On the evening of June 21st, ULI members gathered to learn how West Broad Residences’ made a game changing mark on the City of Falls Church development process. Most notably examples of how a collaborative community method can produce outstanding results.
While this process involved over 30 rezoning, special exception and site plan meetings with the City Council, Boards, Commissions and Neighbors, the balance of input made substantial benefits for both public and private stakeholders.
A mutual understanding of the value of time and the potential impact of this project resulted in considerable contributions to the civic and economic vitality of the City of Falls Church. Considering approximately half of the population is within walking distance to the new Harris Teeter, the City comprehended improvements to the design and streetscape could dramatically activate the area.
West Broad Residences’ project totals 285 units, 267 market rate and 18 ADUs, with the 61K square feet dedicated to Harris Teeter and another 2,300K square feet for Cyclebar. The economic benefits of the deal include increased gross annual tax revenue to the City from $98,000 to $2.5 million and over $4 million in proceeds from the sale of the land. The project provides the City’s first new grocery store in three decades with retail adding approximately 200 new jobs to the area. In result of this development, the community received improvements to the public realm including 20-ft sidewalks, landscaped planters and bus stop as well as design features such as art walls. Many of the surrounding small business have benefited from the increased street activity as well.
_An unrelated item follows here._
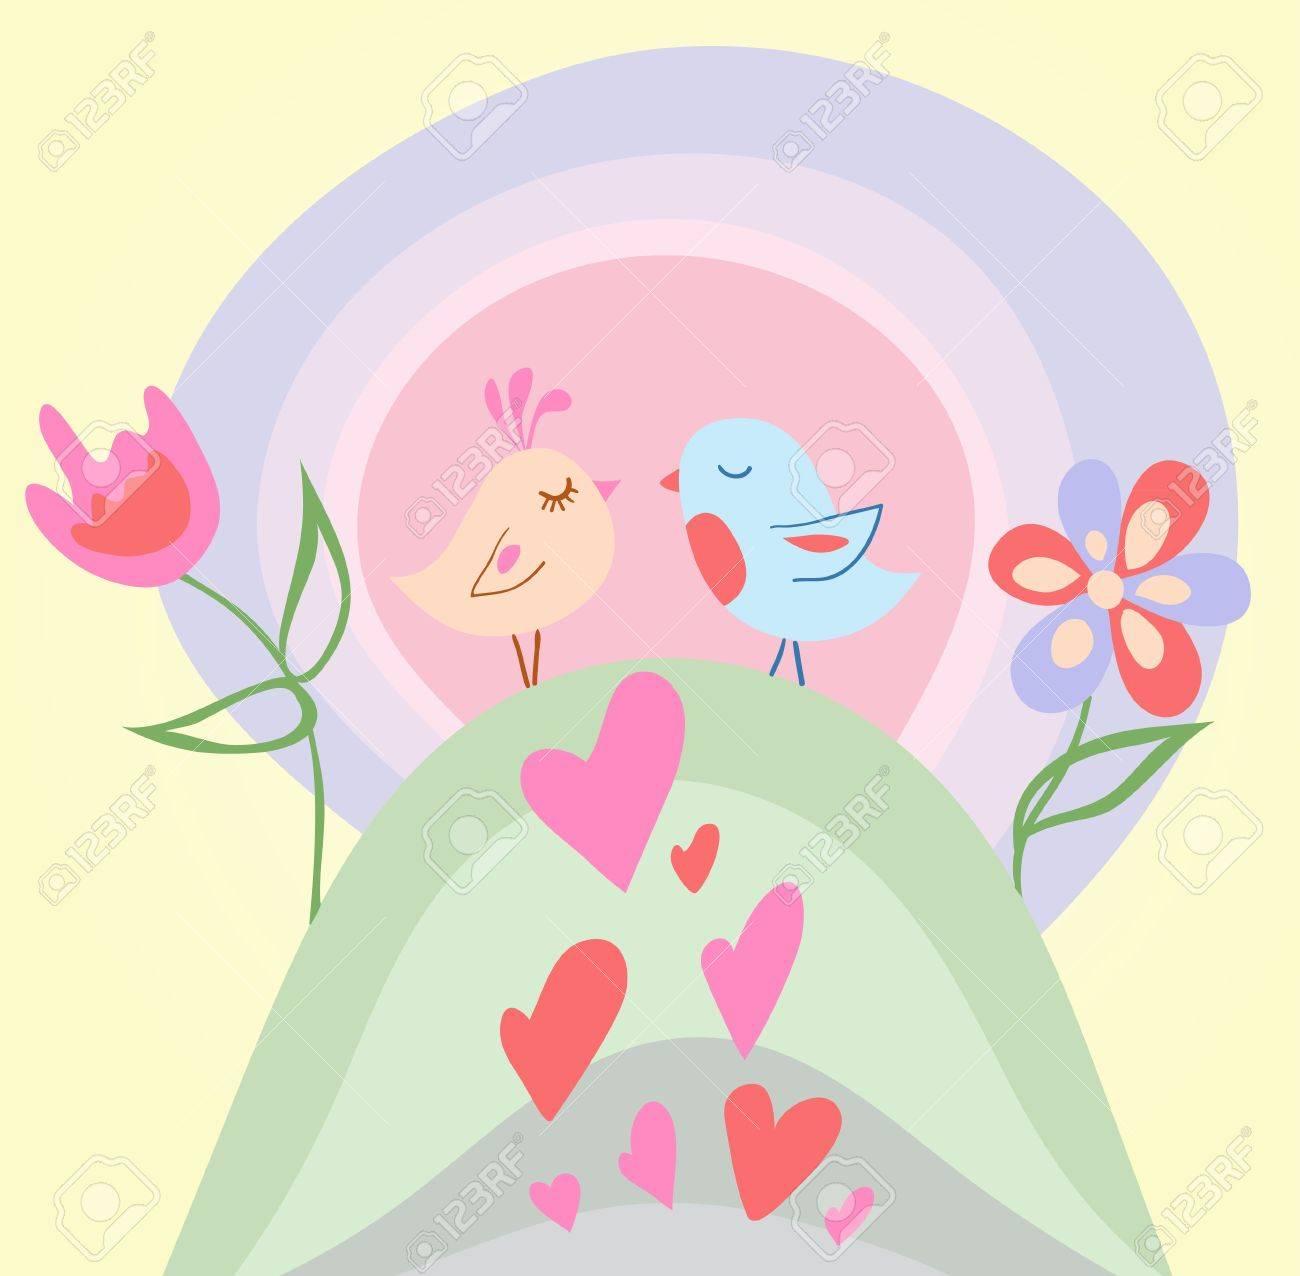 Tiny love bird illustration Stock Vector - 11433031

This mixed-use project replaces three underutilized lots previously owned by three separate entities. Upon rezoning, the City purchased two of the lots and half the new property remains on a ground lease. Fair value for the land helped build trust into the negotiation process creating a platform for collaboration. Compromises were made, design changes had to be balanced and integrated into the building without disrupting parking, store footprint and mechanical systems required by Harris Teeter. Despite an in-depth engagement and public process, no one underestimated the effects of a successful project which allowed for negotiations and responsiveness throughout the course of development.
The building design evolved to address community concerns such as pedestrian and vehicular access, massing and scale, access to natural light and views, and blending with the existing context. All the while, the design and construction team considering impacts these changes will have on building materials and scheduling. These considerations resulted in long uninterrupted sidewalks for pedestrians and a building design that will serve as a catalyst for other downtown projects.
After a panel discussing the city, planning, design and construction perspectives of the project case study attendees gathered at the end of the panel to tour, network, eat and drink, and talk about the lessons learned from this project.